Non-banking finance companies (NBFCs) may be able to start raising resources against commercial paper and non-convertible debentures from this week on but the funds are not going to come cheap.
Sources involved with the special lending facility for NBFCs said the cost of funds would add up to at least 14.5 per cent. While the Reserve Bank of India (RBI) will charge 9.5 per cent, which is 400 basis points over the prevailing repo rate, another 1.5 per cent will be added due to the government guarantee fee. In addition, IDBI Bank’s Stressed Asset Stabilisation Fund (SASF), which has been mandated to implement the scheme, will charge at least 350 basis points to cover its administrative and management cost.
The 150-odd non-deposit taking systemically important NBFCs, eligible to use the window, can borrow up to Rs 2,000 crore, while the group limit has been fixed at Rs 3,000 crore.
Srei Infrastructure Finance and Shriram Transport have initiated talks to use the facility, but indicated they may not use the window if the cost is high.
“If the rates are in the region of 14-15 per cent, it will not be beneficial at all.
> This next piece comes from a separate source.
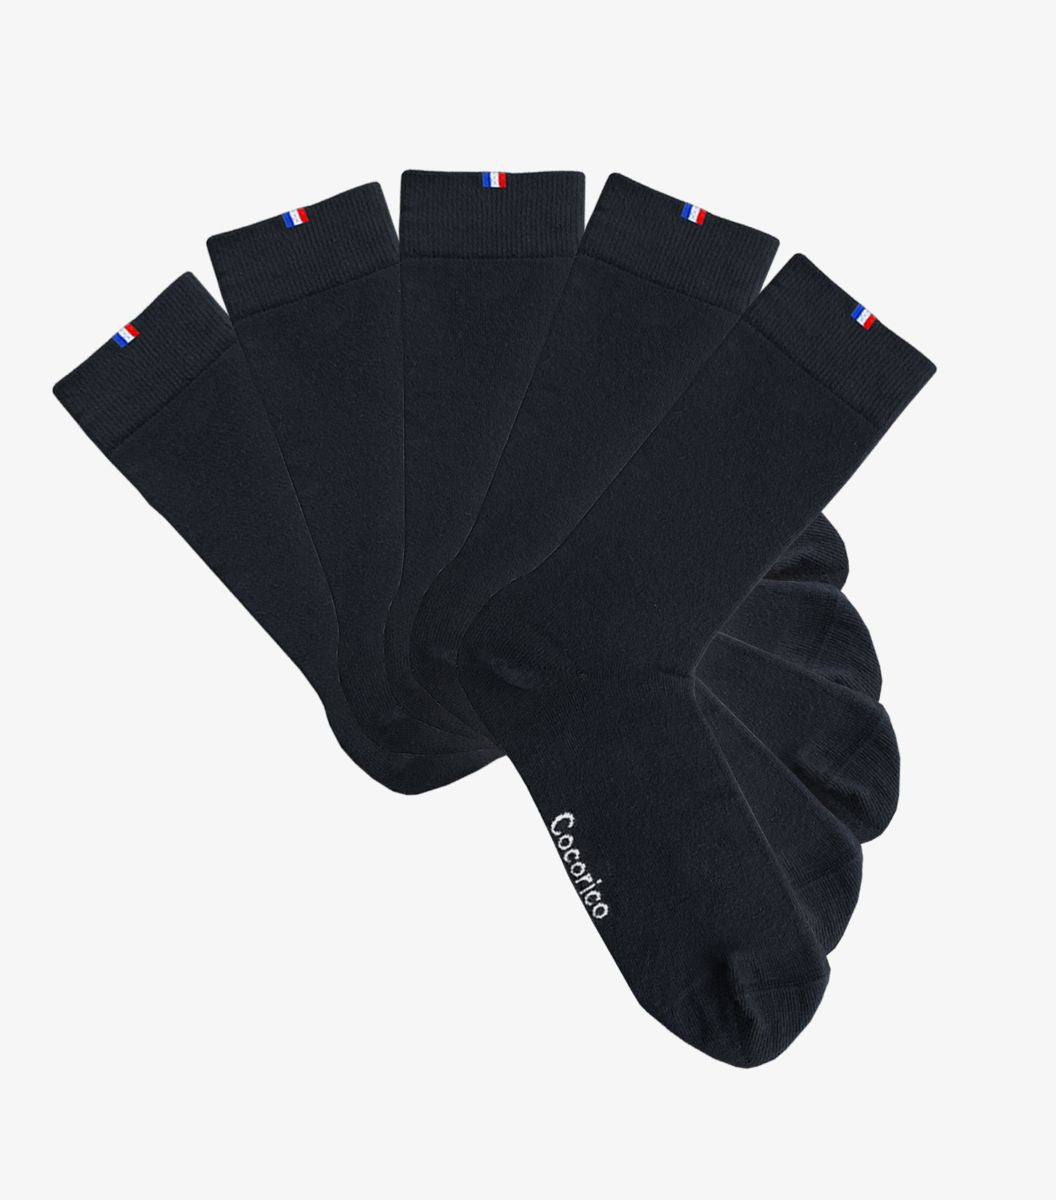 Chaussettes Homme Noir x5 - Le Pack Intemporel

We need around Rs 2,000-3,000 crore but we will access the window only if the interest rates are lower,” said Srei Infrastructure Finance Vice-chairman and Managing Director Hemant Kanoria.
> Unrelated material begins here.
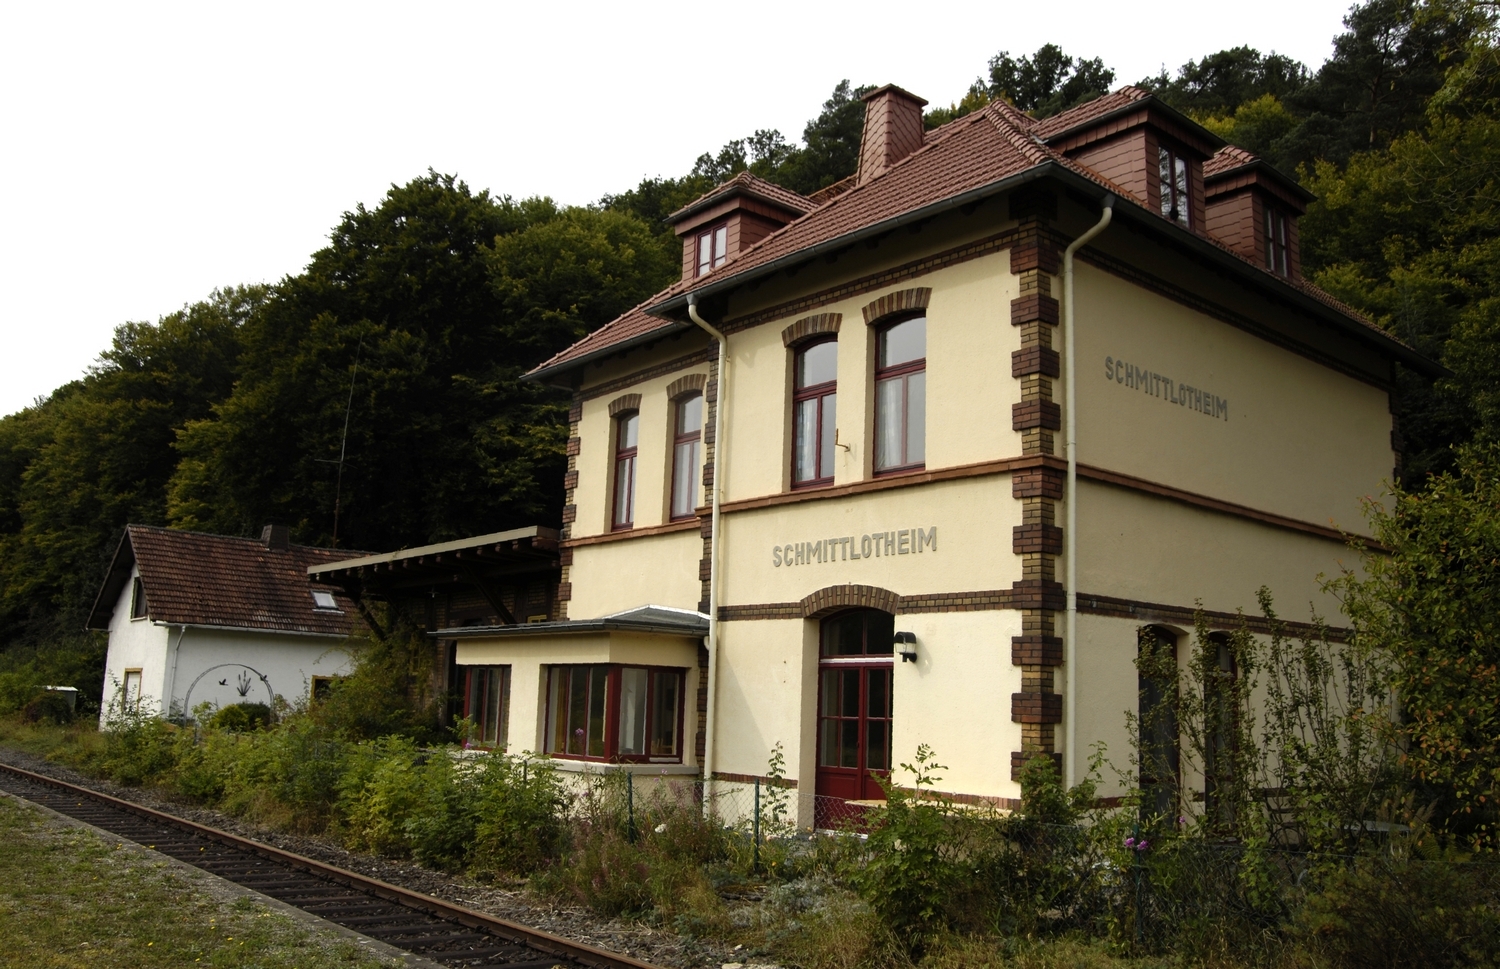 Schmittlotheim, ehemaliger Bahnhof

While maintaining that the company does not intend to tap the window immediately, Shriram Transport Finance Managing Director R Sridhar said, “Since the funds are for the short term, NBFCs would be willing to access it even if the interest rates are on the higher side, as some of them need money immediately to correct their asset-liability mismatch.”
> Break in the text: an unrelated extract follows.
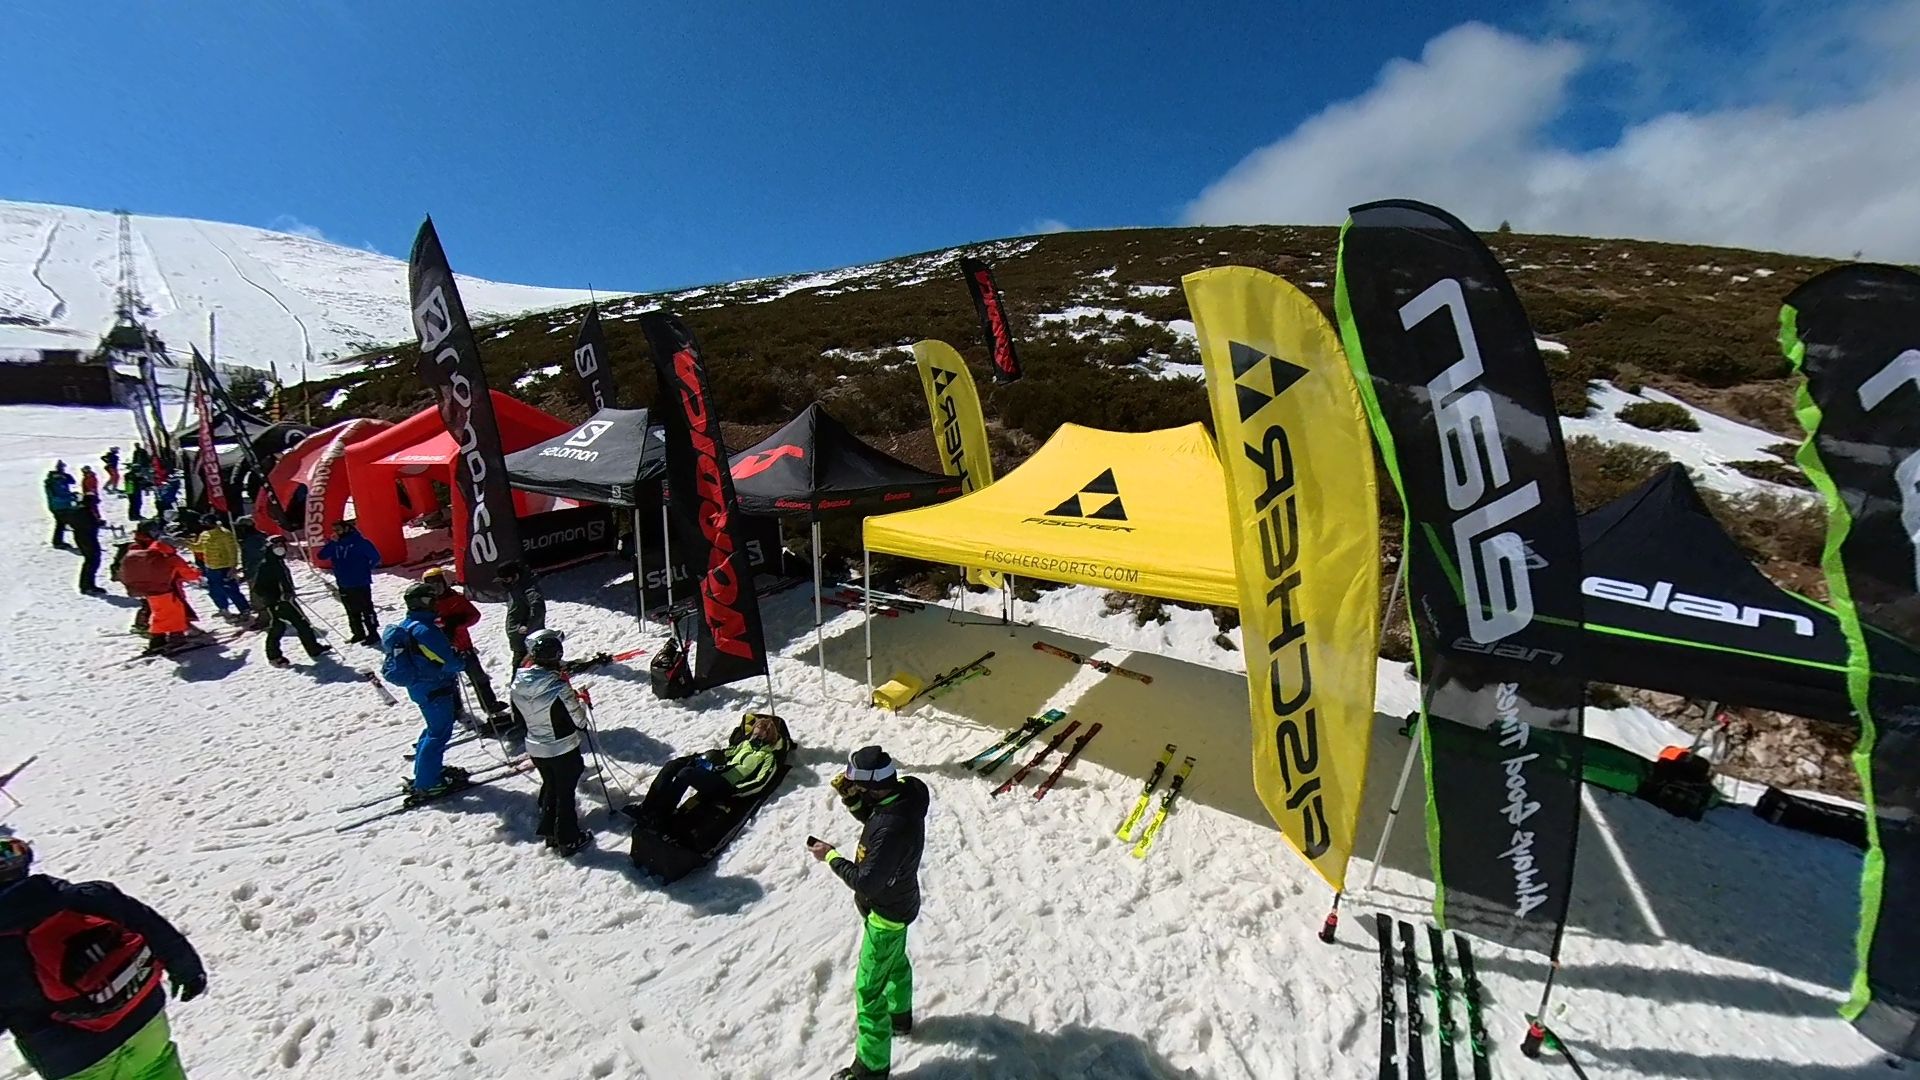 El mayor test de esquís de Europa en Valdesquí - 110% SKI - Nevasport.com

While the scheme has been finalised, a guarantee from the government is holding back its operationalisation, sources added. According to the scheme worked out by the government and RBI, SASF will purchase commercial paper and non-convertible debentures only from the issuing NBFC. The funds made available are to be used only for meeting asset-liability mismatch and not to fund business growth. SASF will raise resources by issuing government-guaranteed securities to RBI and use the funds to acquire investment-grade CPs and NCDs from the eligible NBFCs.